/---

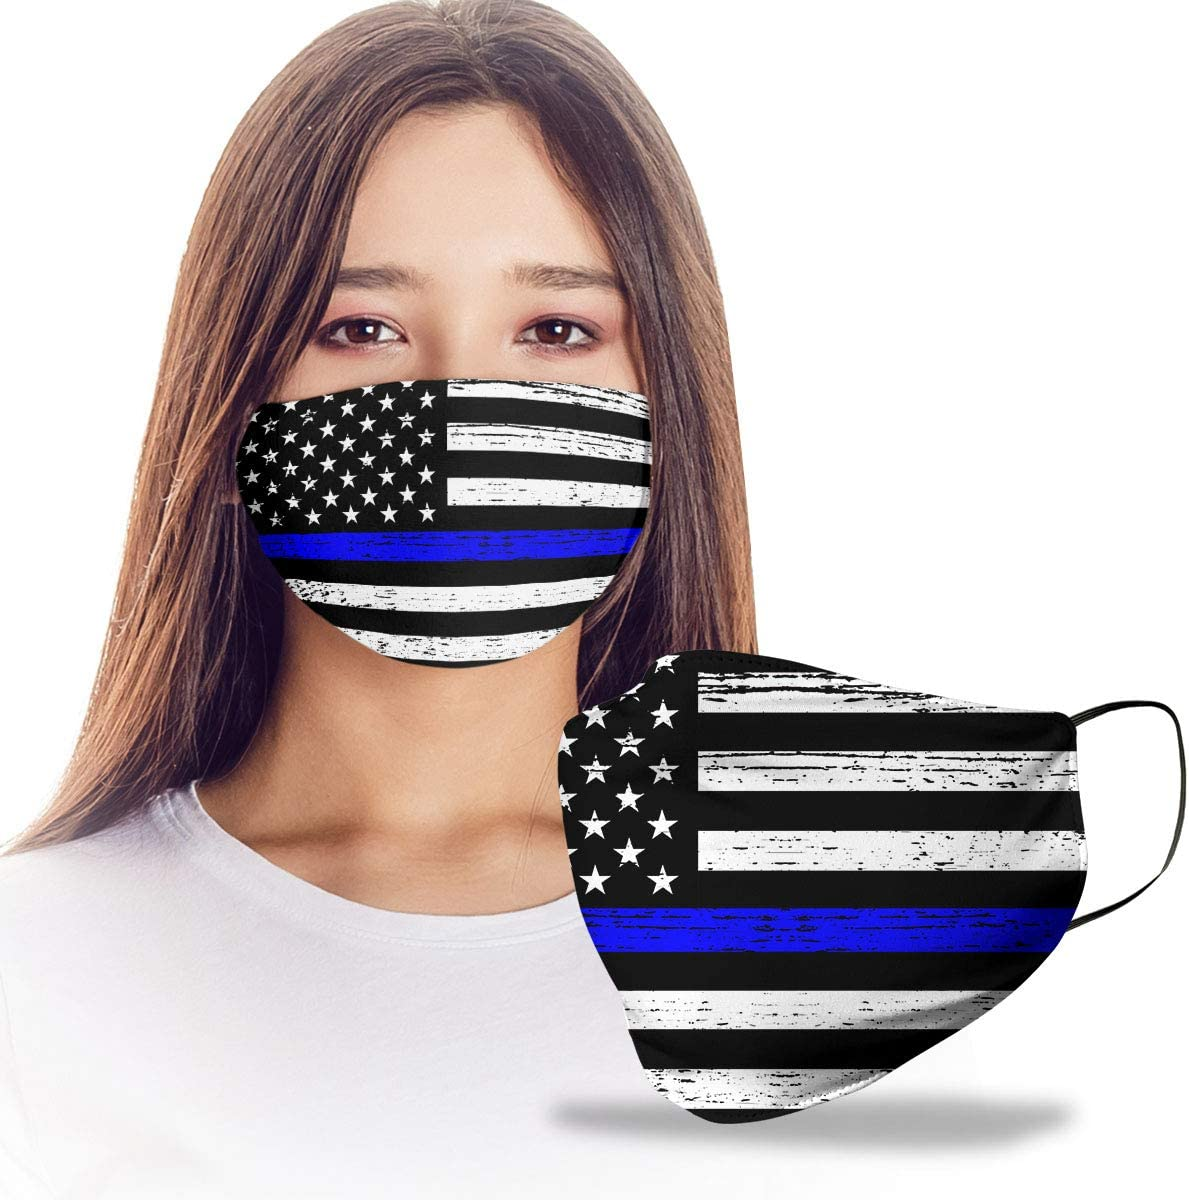 VTH Global Police Officer Thin Blue Line Lives Matter American Flag Law Enforcement Deputy Sheriff Reusable Washable Face Mask Women Men for Dust Protection
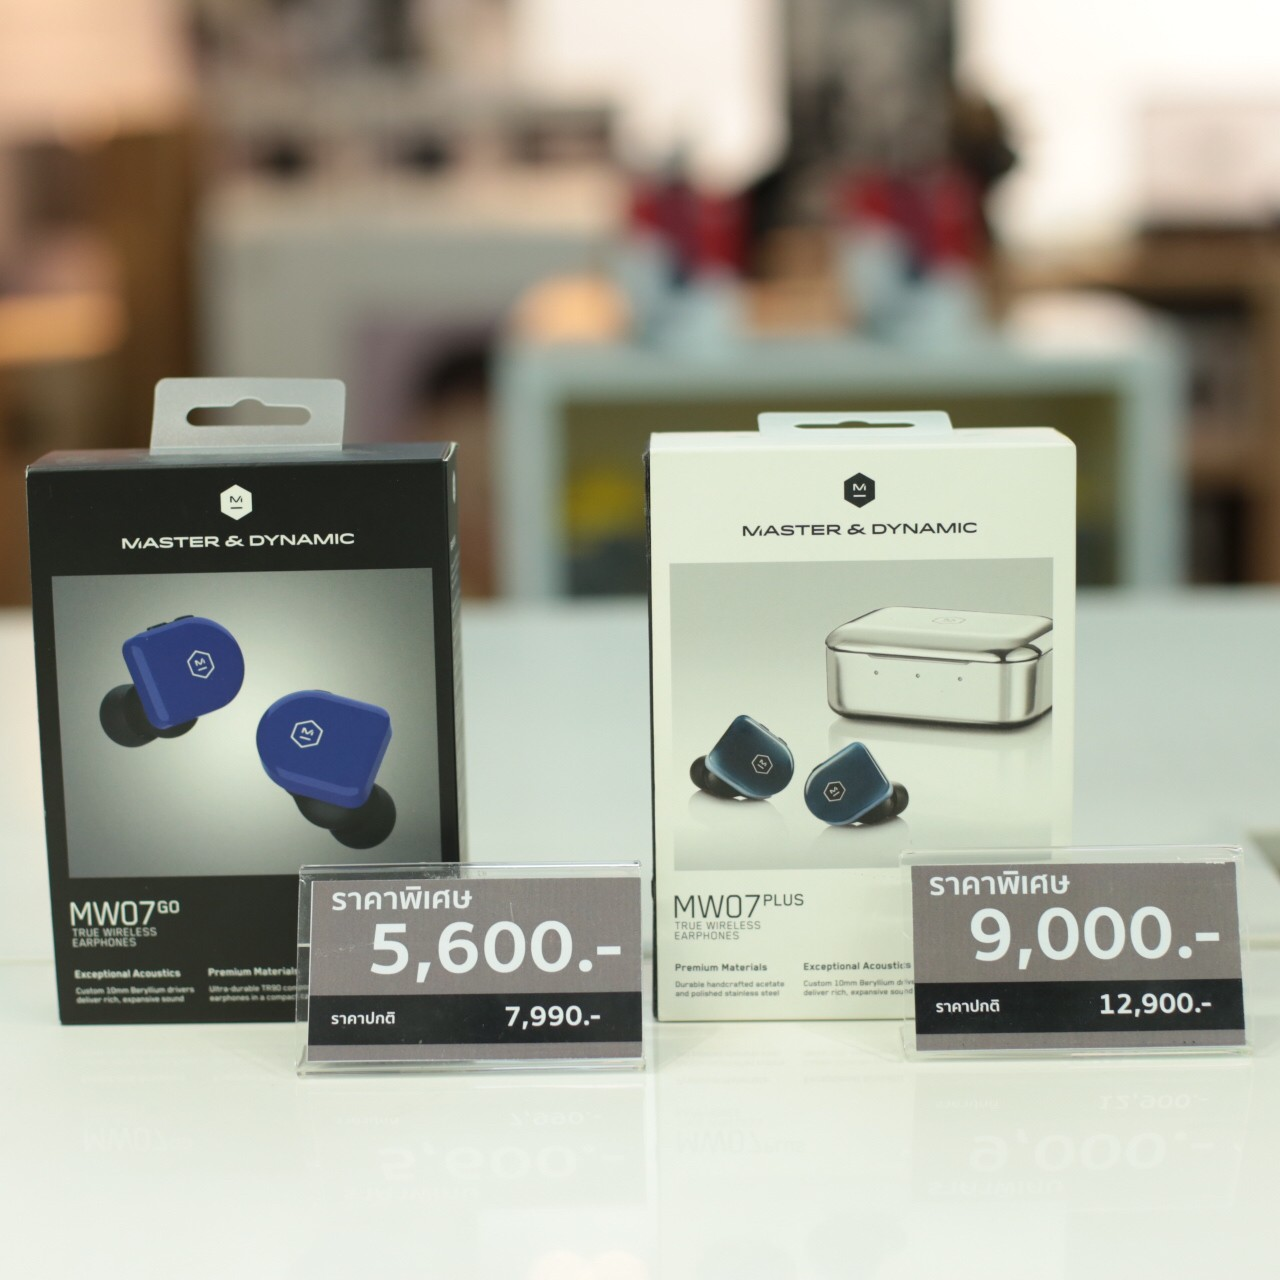 Pic_Master & Dynamic หูฟังไร้สาย รุ่น MW07 GO และ Master & Dynamic หูฟังไร้สาย รุ่น MW07 Plus
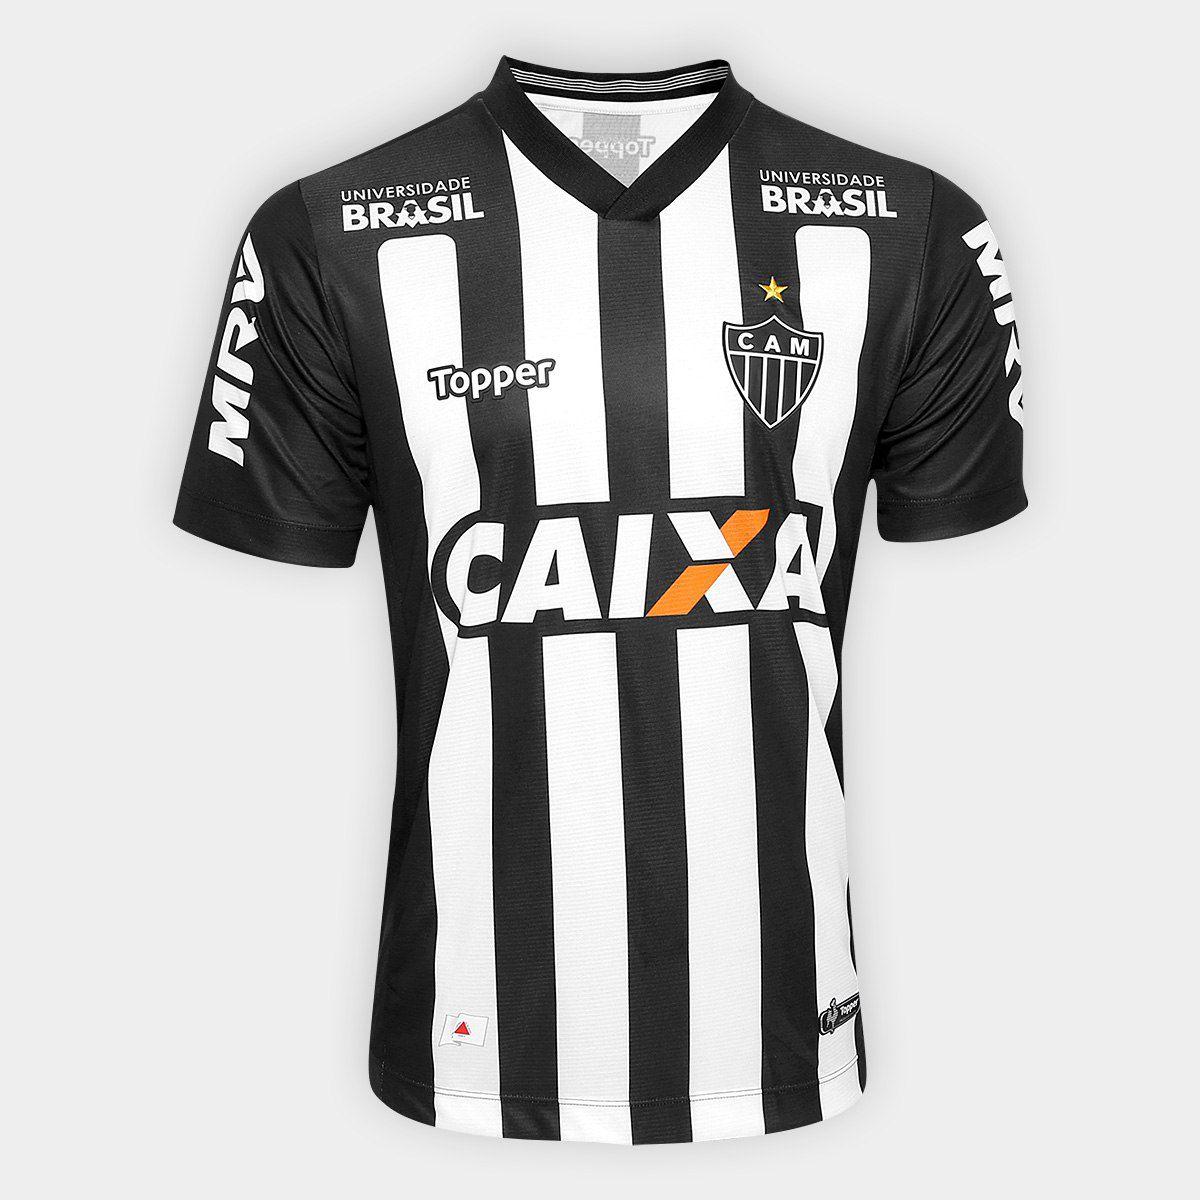 5ba033d7d7 Camisa Atlético Mineiro 2018 S Nº Topper Masculina - Energia Esportes
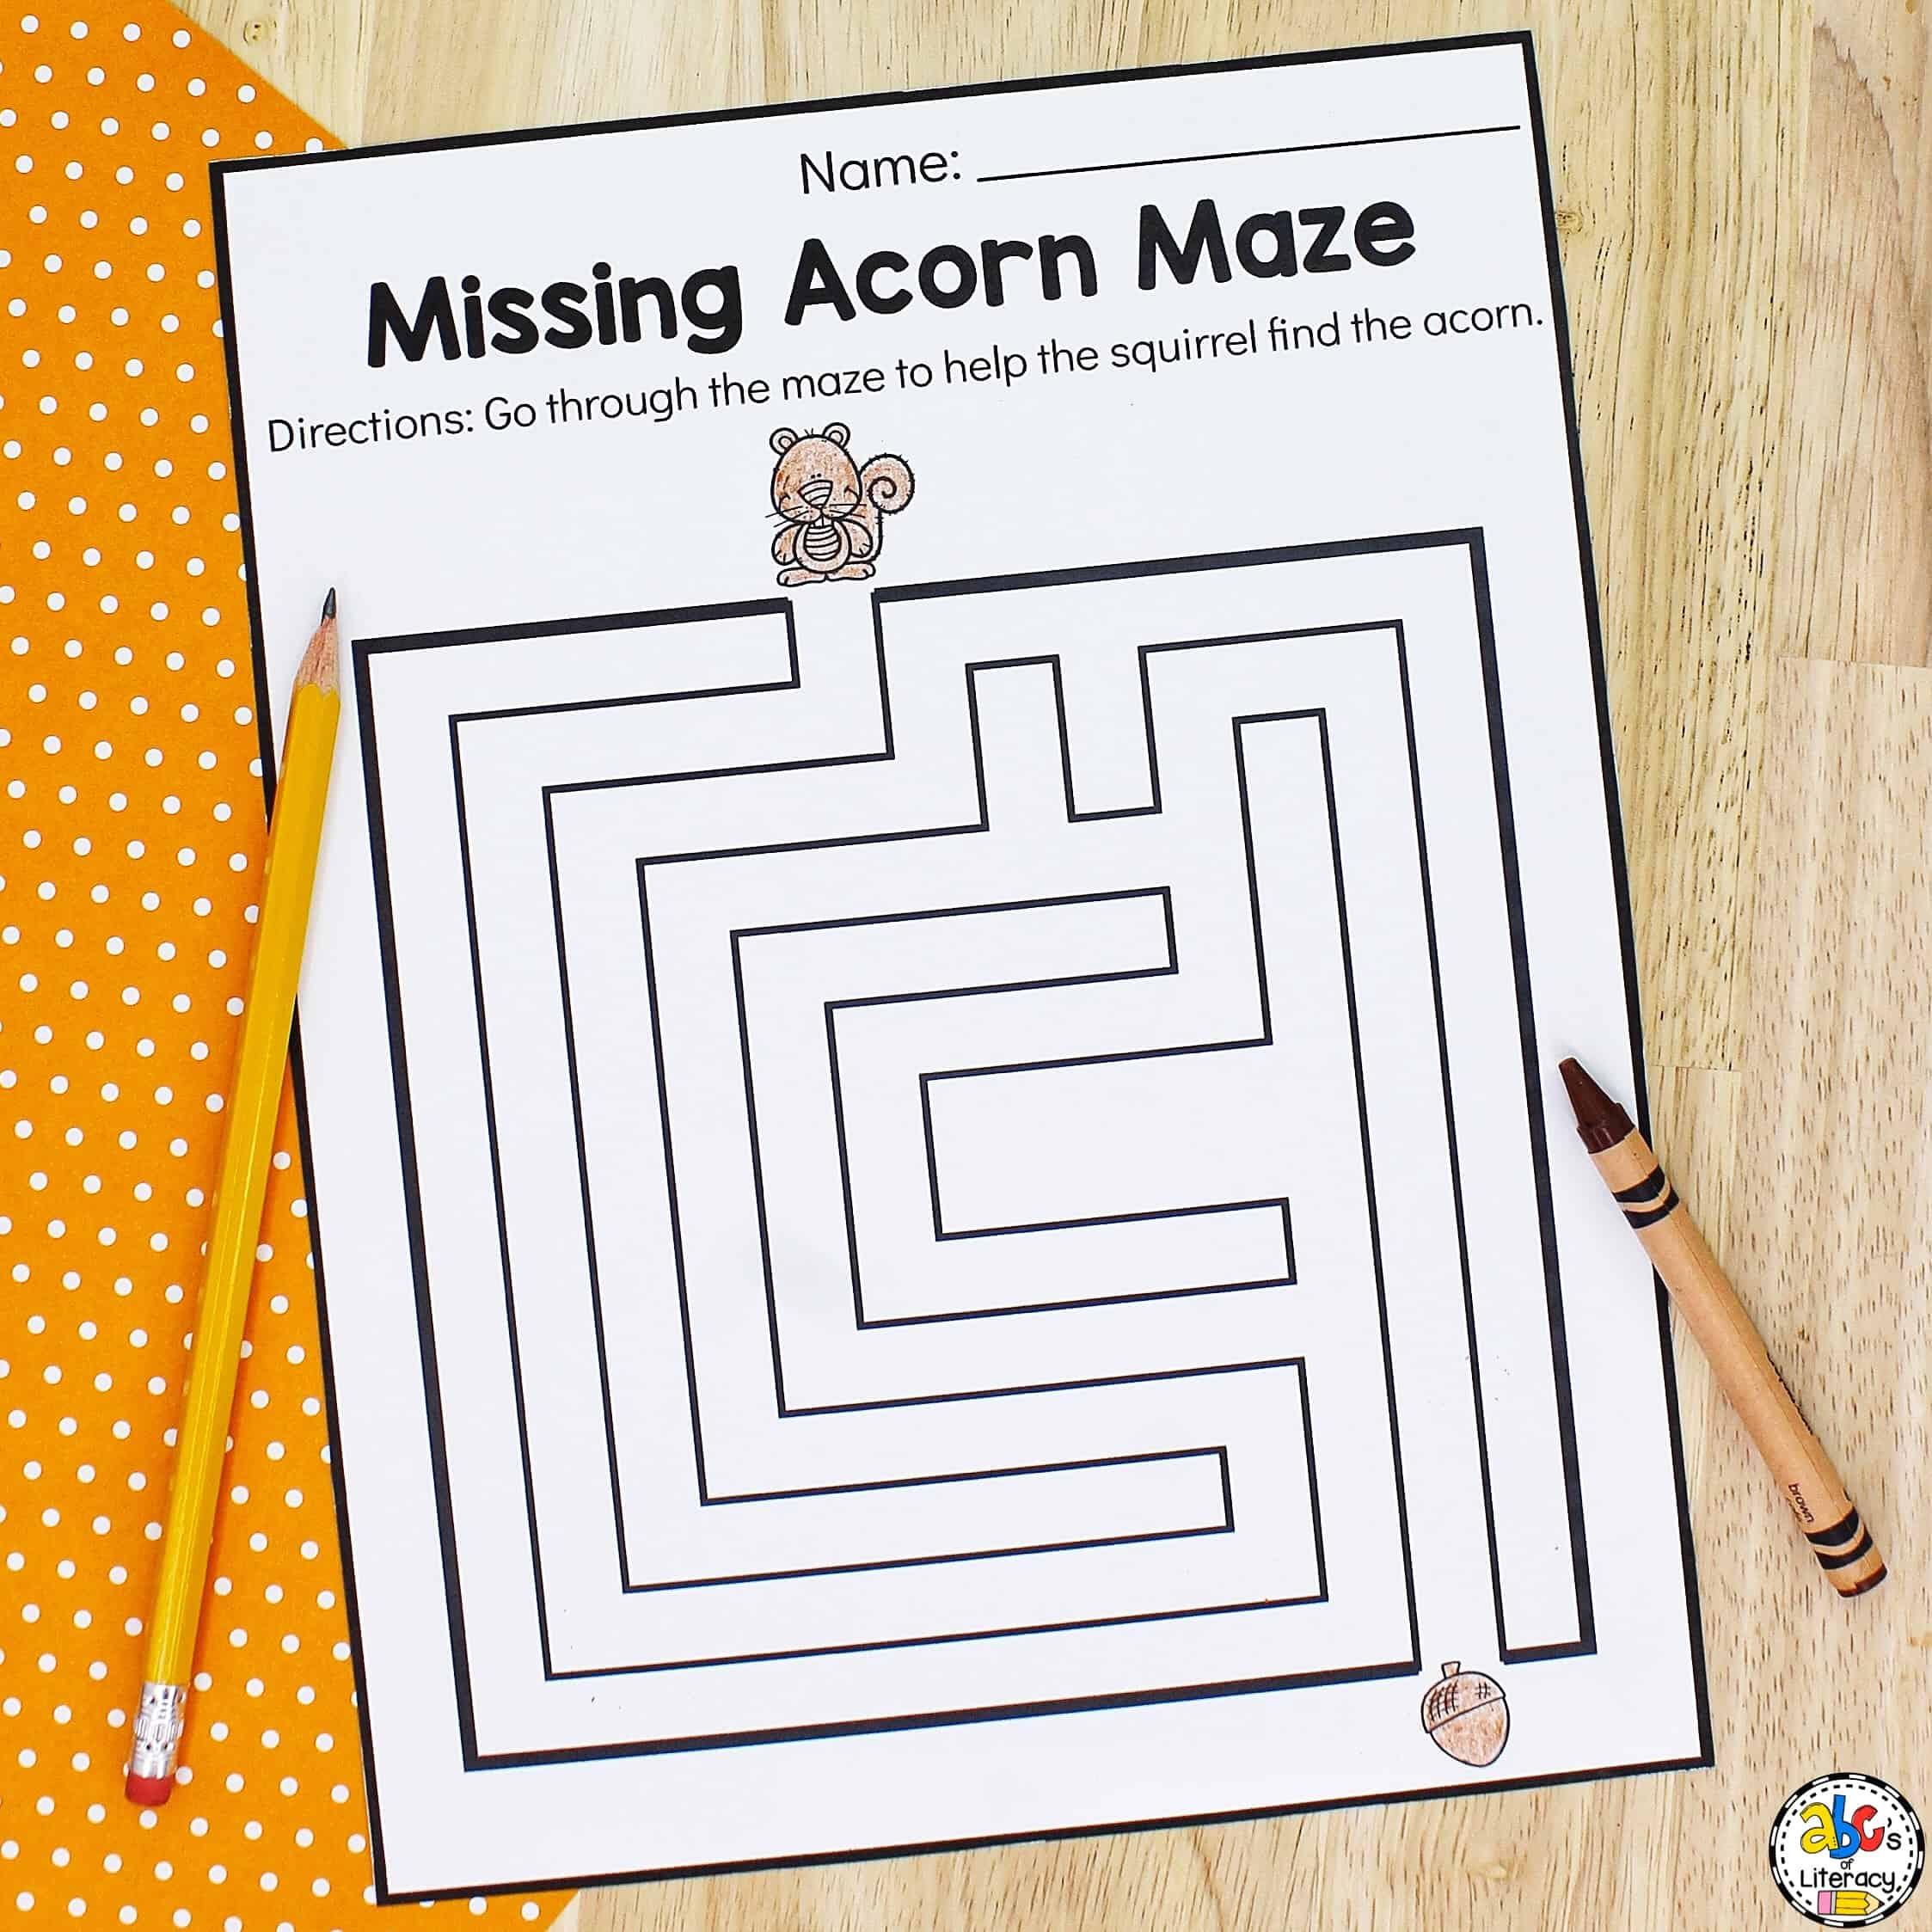 Worksheets for Preschoolers

\---

> [Exercise]: Take the whole listing above and copy it exactly. Pictures do not go into the copy.

> [Exercise result]:
 VTH Global Police Officer Thin Blue Line Lives Matter American Flag Law Enforcement Deputy Sheriff Reusable Washable Face Mask Women Men for Dust Protection
 Pic_Master & Dynamic หูฟังไร้สาย รุ่น MW07 GO และ Master & Dynamic หูฟังไร้สาย รุ่น MW07 Plus
 5ba033d7d7 Camisa Atlético Mineiro 2018 S Nº Topper Masculina - Energia Esportes
 Worksheets for Preschoolers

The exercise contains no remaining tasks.